Dengan kekuatannya di True Sequence, meskipun pergerakannya saat ini terbatas, ia hanya membutuhkan beberapa hari untuk memulihkan sebagian mobilitasnya. Pada saat itu, mencari bantuan medis setelah meninggalkan tempat ini bukanlah hal yang mustahil.
Namun, tepat pada saat itu, Jack kehilangan sensasi di satu-satunya tangannya yang tersisa. Meskipun secara fisik tangan itu masih ada, ia tanpa sadar mengabaikan keberadaannya.
Mata Jack membelalak saat menyadari apa yang telah terjadi—apa yang selalu ia takutkan telah menjadi kenyataan!
Seandainya dia dalam keadaan sehat, dia mungkin bisa menghindari ini, tetapi sekarang dia rentan dan berada di bawah belas kasihan orang lain.
Dengan putus asa, dia mengerahkan kekuatannya, tetapi sia-sia. Kesadarannya terus berkurang hingga mencapai titik di mana dia bahkan tidak bisa mendeteksi dirinya sendiri.
Lalu Jack menghilang…
Hilang selamanya…
…
Ketika pasukan utama Asosiasi Pemburu tiba di Desa Kelinci, pemukiman kecil ini mulai ramai dengan aktivitas.
Serigala Berbaju Merah dan Serigala Berbulu Abu-abu, dua serigala raksasa dengan kalung di leher dan berbagai perbekalan terikat di punggung mereka, berlarian bolak-balik di dalam perkemahan.
Mereka kini telah direkrut oleh Asosiasi Pemburu, dan menjadi sepasang Pemburu Iblis…
Yah, Serigala Pemburu Iblis.
Ini adalah permintaan mereka sendiri, karena selama malapetaka mayat hidup, mereka menyadari keterbatasan hidup dalam pengasingan dan karena itu ingin menjelajah melampaui Dataran Tinggi Qing Ridge.
Sejujurnya, mereka terutama menyadari pentingnya memiliki sekutu yang kuat, dan Asosiasi Pemburu adalah yang paling dapat diandalkan di dunia.
Sebagai monster dari Urutan Menengah Bencana, mereka memiliki kemampuan untuk berubah menjadi wujud manusia, sehingga hidup di dalam masyarakat manusia tidak menimbulkan kesulitan yang berarti.

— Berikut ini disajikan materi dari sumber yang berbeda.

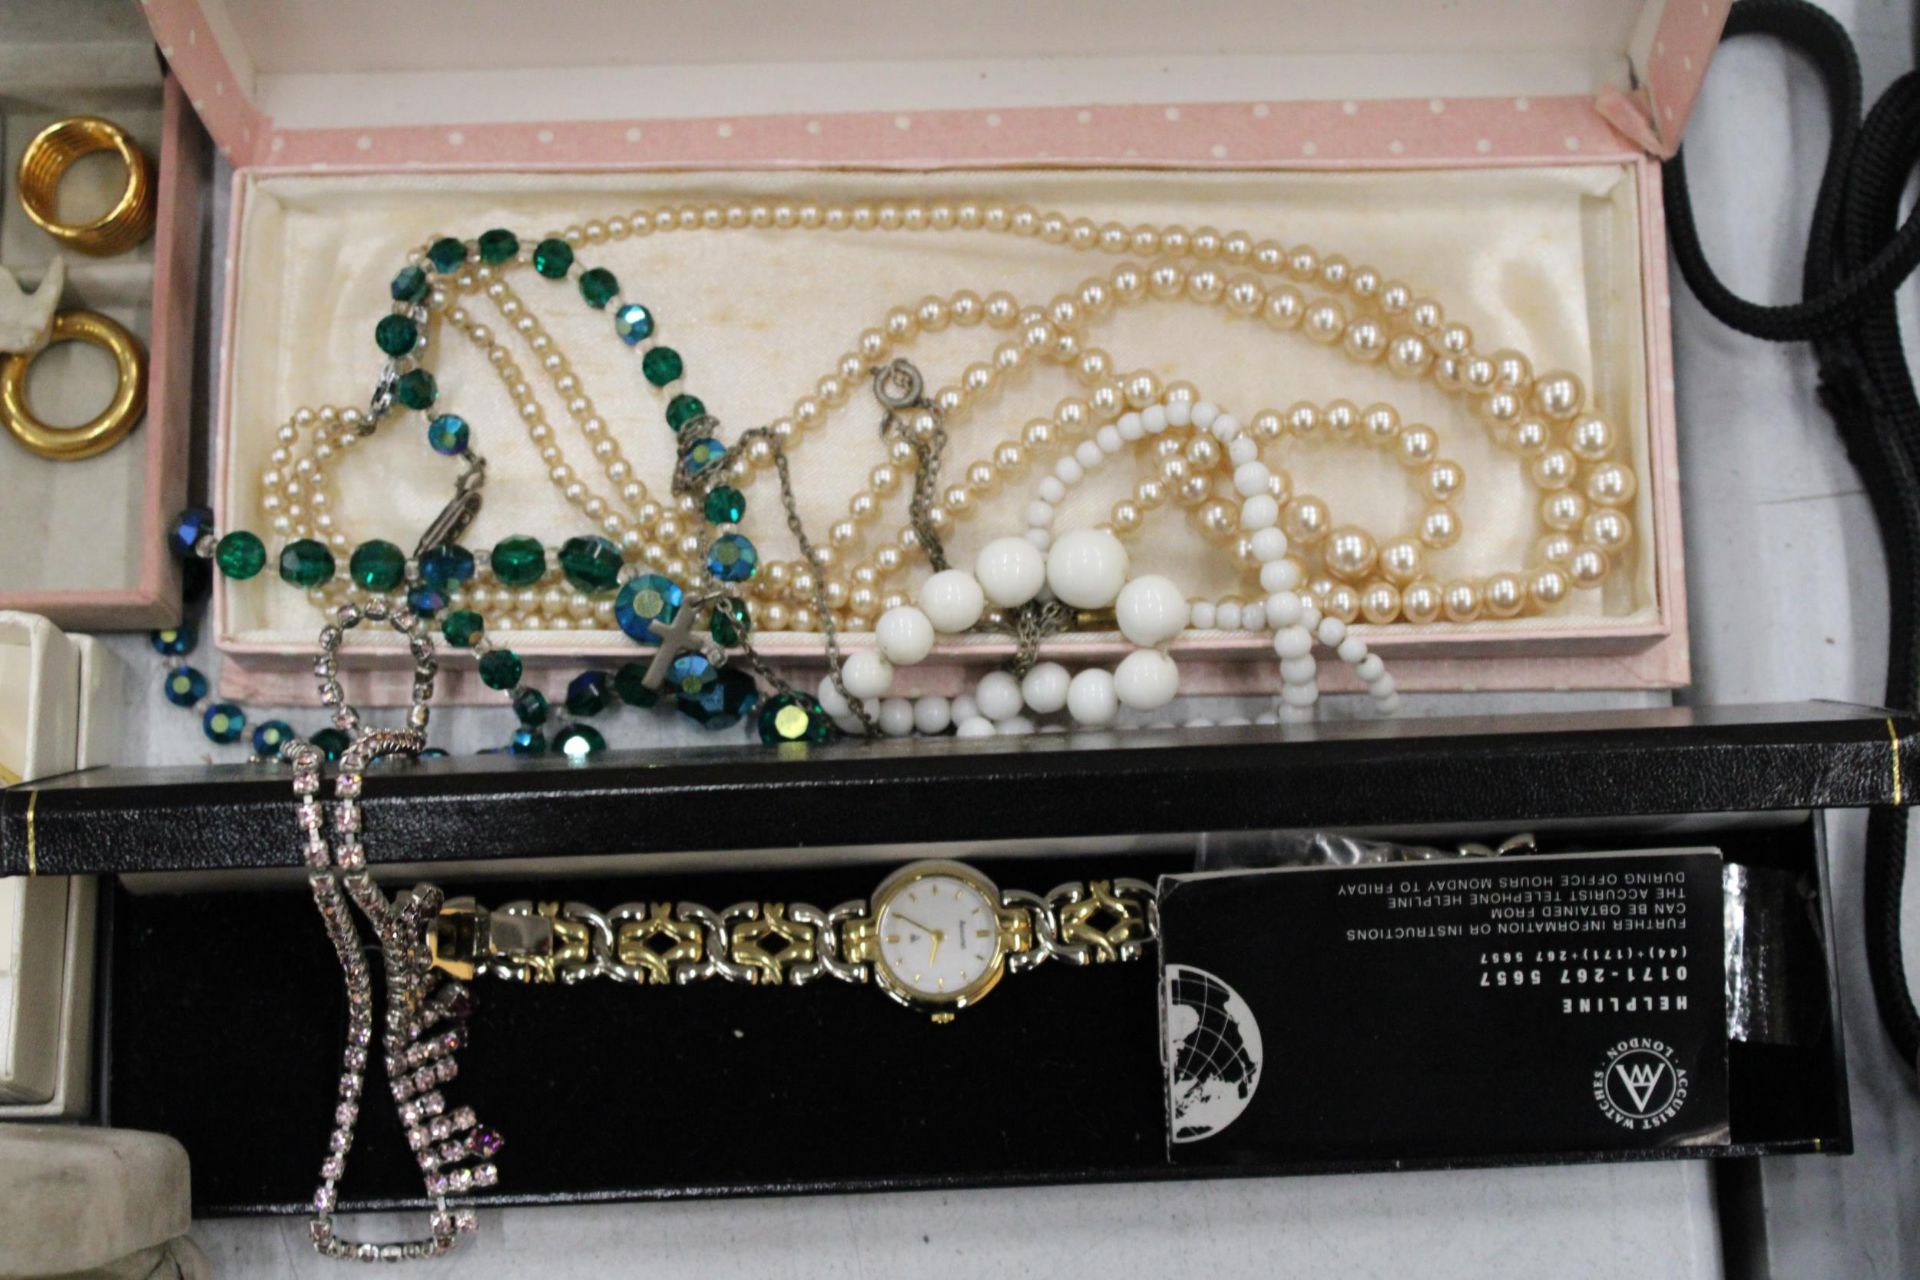 A QUANTITYOF COSTUME JEWELLERY TO INCLUDE WATCHES, NECKLACES, EARRINGS, BEADS, BANGLES, ETC - Image 2 of 5

Mengangkut perbekalan bukanlah tugas yang diwajibkan oleh Asosiasi; mereka memilih untuk melakukannya dengan sukarela. Serigala-serigala ini tidak memiliki kebanggaan yang biasanya dimiliki serigala, dan sebaliknya, temperamen mereka menyerupai anjing husky.
Dengan tempat yang tenang dan stabil bagi para Pemburu Iblis untuk memulihkan diri, situasi pun membaik dengan cepat.

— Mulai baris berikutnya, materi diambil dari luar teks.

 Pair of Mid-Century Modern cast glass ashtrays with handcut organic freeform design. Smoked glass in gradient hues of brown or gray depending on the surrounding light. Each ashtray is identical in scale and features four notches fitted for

Sementara itu, Wen Wen memanfaatkan kesempatan ini untuk menjual sejumlah besar obat penyembuhan, dan memperoleh berbagai sumber daya sebagai imbalannya.
Obat itu terbuat dari Bunga Pantai Lain yang istimewa, yang dibudidayakan oleh Aker Aru, dan efektif untuk berbagai luka. Yang terpenting, obat ini memiliki biaya produksi yang rendah dan hasil panen yang tinggi, sehingga Kuil tidak mampu mengonsumsinya semuanya.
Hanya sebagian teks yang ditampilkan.